House Bill 478 to Remove Choice of Reserving Lost Wages.

February 11, 2008

The Kentucky Law Review posted an op-ed on HB 478, which apparently removes the right of an insured to direct withholding of no fault benefits for the payment of lost wages, in cases of emergency care. It would require the no fault obligor to pay emergency services directly to the medical provider and that the benefits be considered primary to all other forms of payment. While not specifically mentioned in the op-ed, the bill also contains language establishing a means to challenge whether a medical bill or treatment is reasonable or necessary by establishing a review and appeal process, including examinations.

This bill appears to be an attempt to address some of my earlier concerns in my post titled Chiropractor on Trial, PIP Abuse, and Other Thoughts. I question why hospitals and emergency services should receive priority over other medical services or wage loss claims. Especially, in light of my earlier questions regarding extensive workups for relatively minor injuries. I am unsure what costs in healthcare have risen the most recently but I would imagine emergency services are right up there. I don’t see how this would maximize the use of no fault benefits to the injured party’s benefit. I disagree with Mike’s comments that the “PIP insurer wins”, because I don’t think it matters to the PIP carrier whom it pays, the hospital or the insured.

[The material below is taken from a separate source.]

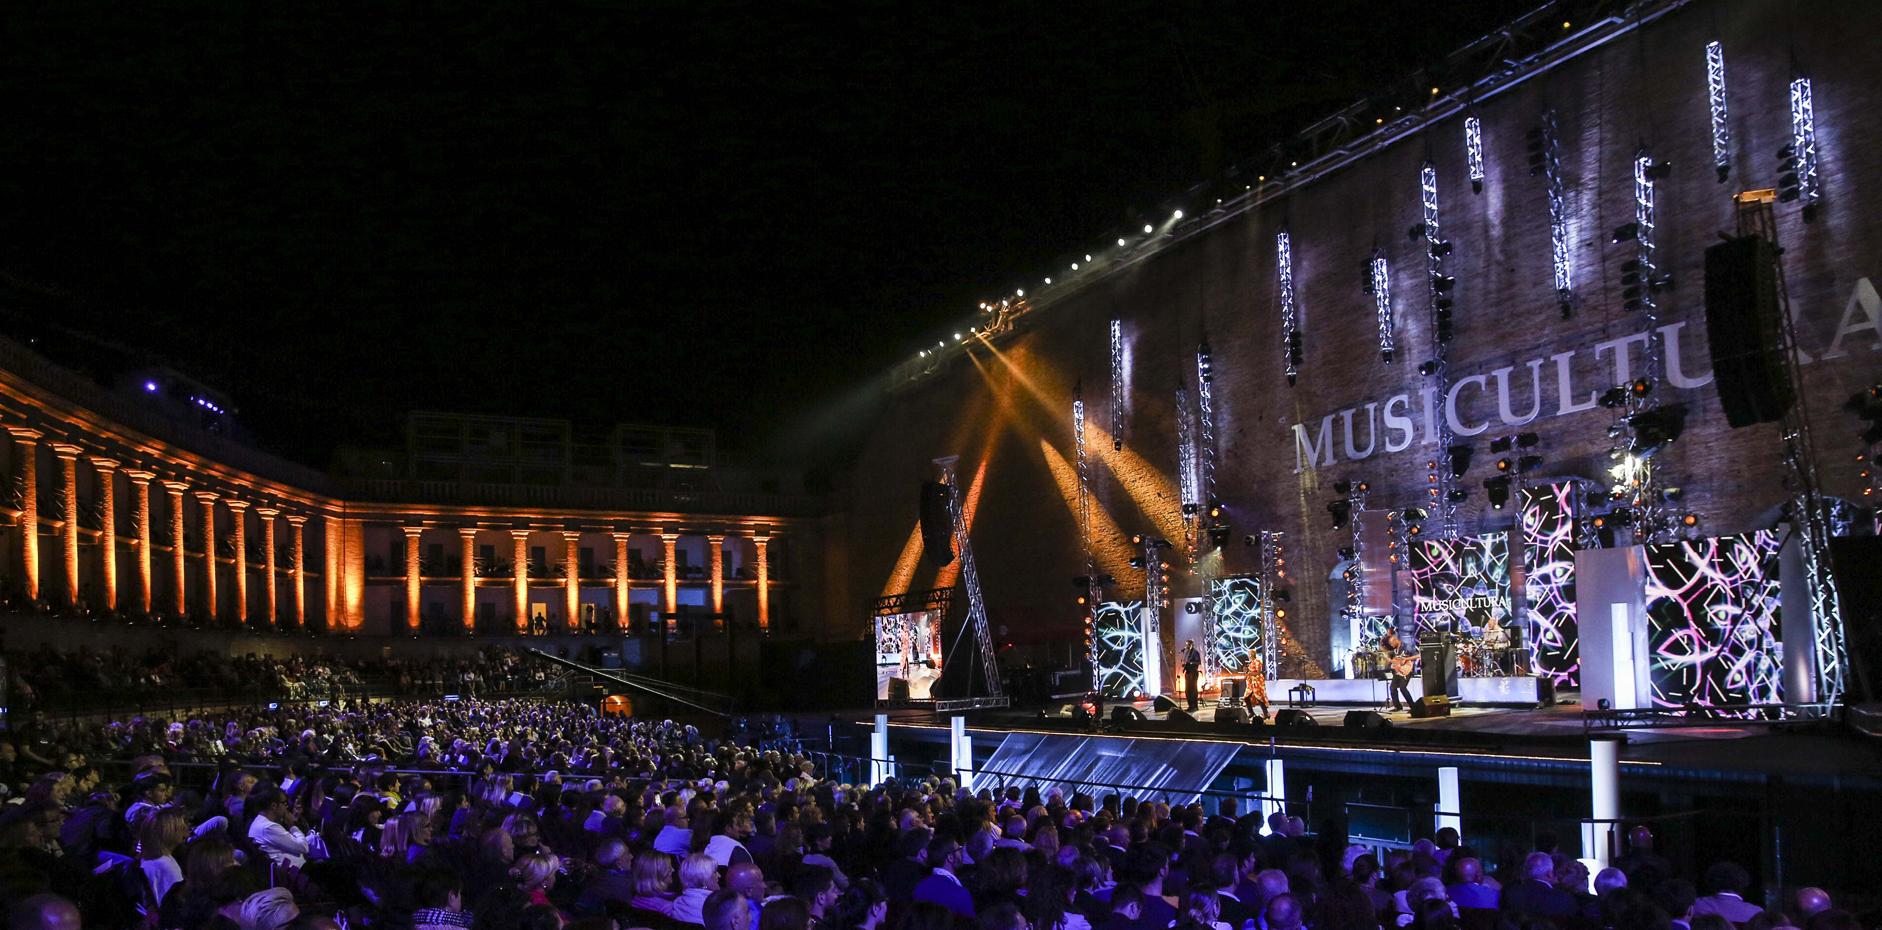 Musicultura, i nomi dei vincitori che si esibiranno allo Sferisterio

The procedure suggested certainly appears to address the issue of what treatment is reasonable or necessary, but as I mentioned in my earlier posts addressing reasonable and necessary treatment does not make the charges reasonable or necessary or maximize the PIP coverage. It also seems to pit the PIP carrier against the insured in that determination by requiring examinations, reviews, and appeals of requested treatment. Most of these options are already in place but simply are not effective. I am concerned this language will lead only to increased costs and litigation, without accomplishing any real change in the means in which unreasonable and unnecessary charges are dealt with.

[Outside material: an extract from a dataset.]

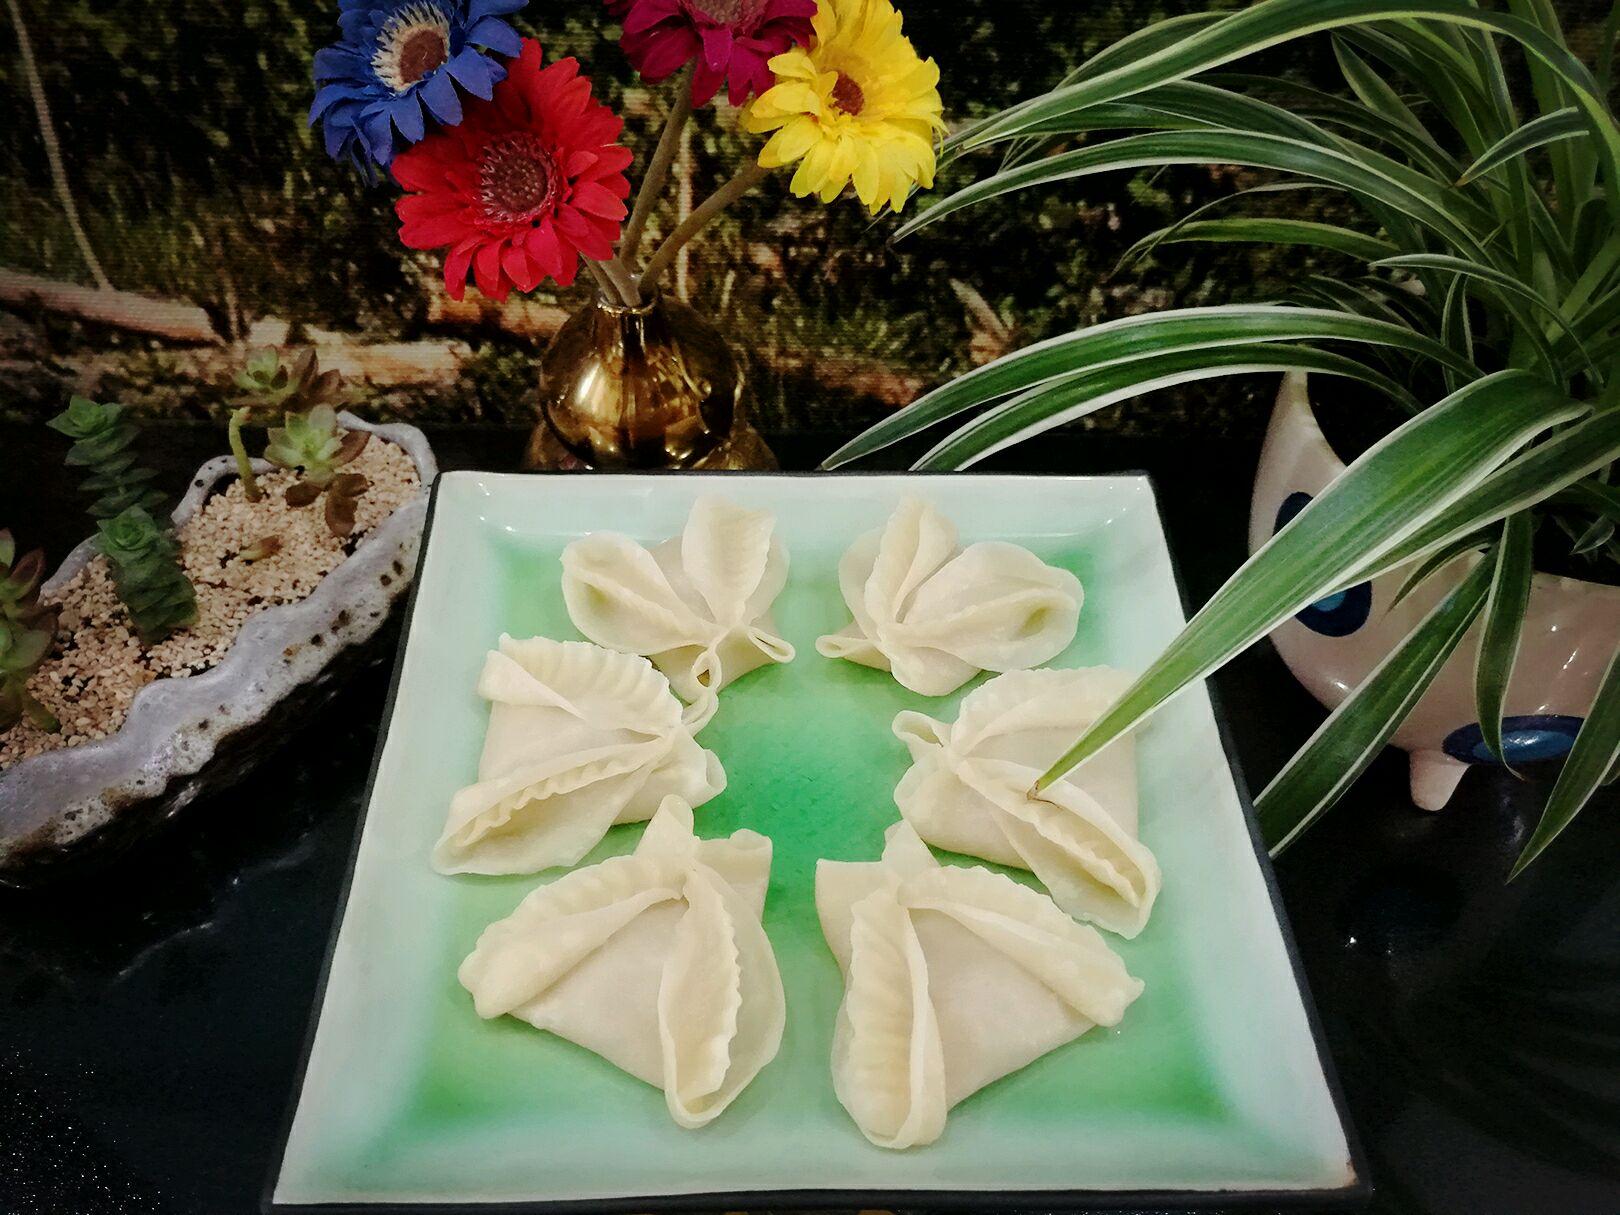 茴香菜是一种蔬菜,多用来做包子饺子馅,和它的种子(小茴香)一样具有一

What Kentucky needs is for someone to address the disparity in no fault benefits as payment for medical expenses compared to other forms of compensation for these expenses. What Kentucky needs is for someone to address the ridiculous gold mine that is no fault and its propensity to encourage unreasonable and unnecessary treatment, leading to a reduction in the value of no fault insurance coverage over time. It’s the manner in which the coverage is administered that is the problem not in the means in which it is accomplished.

All of which brings me to something I have been thinking about. Should Kentucky simply do away with its no fault law?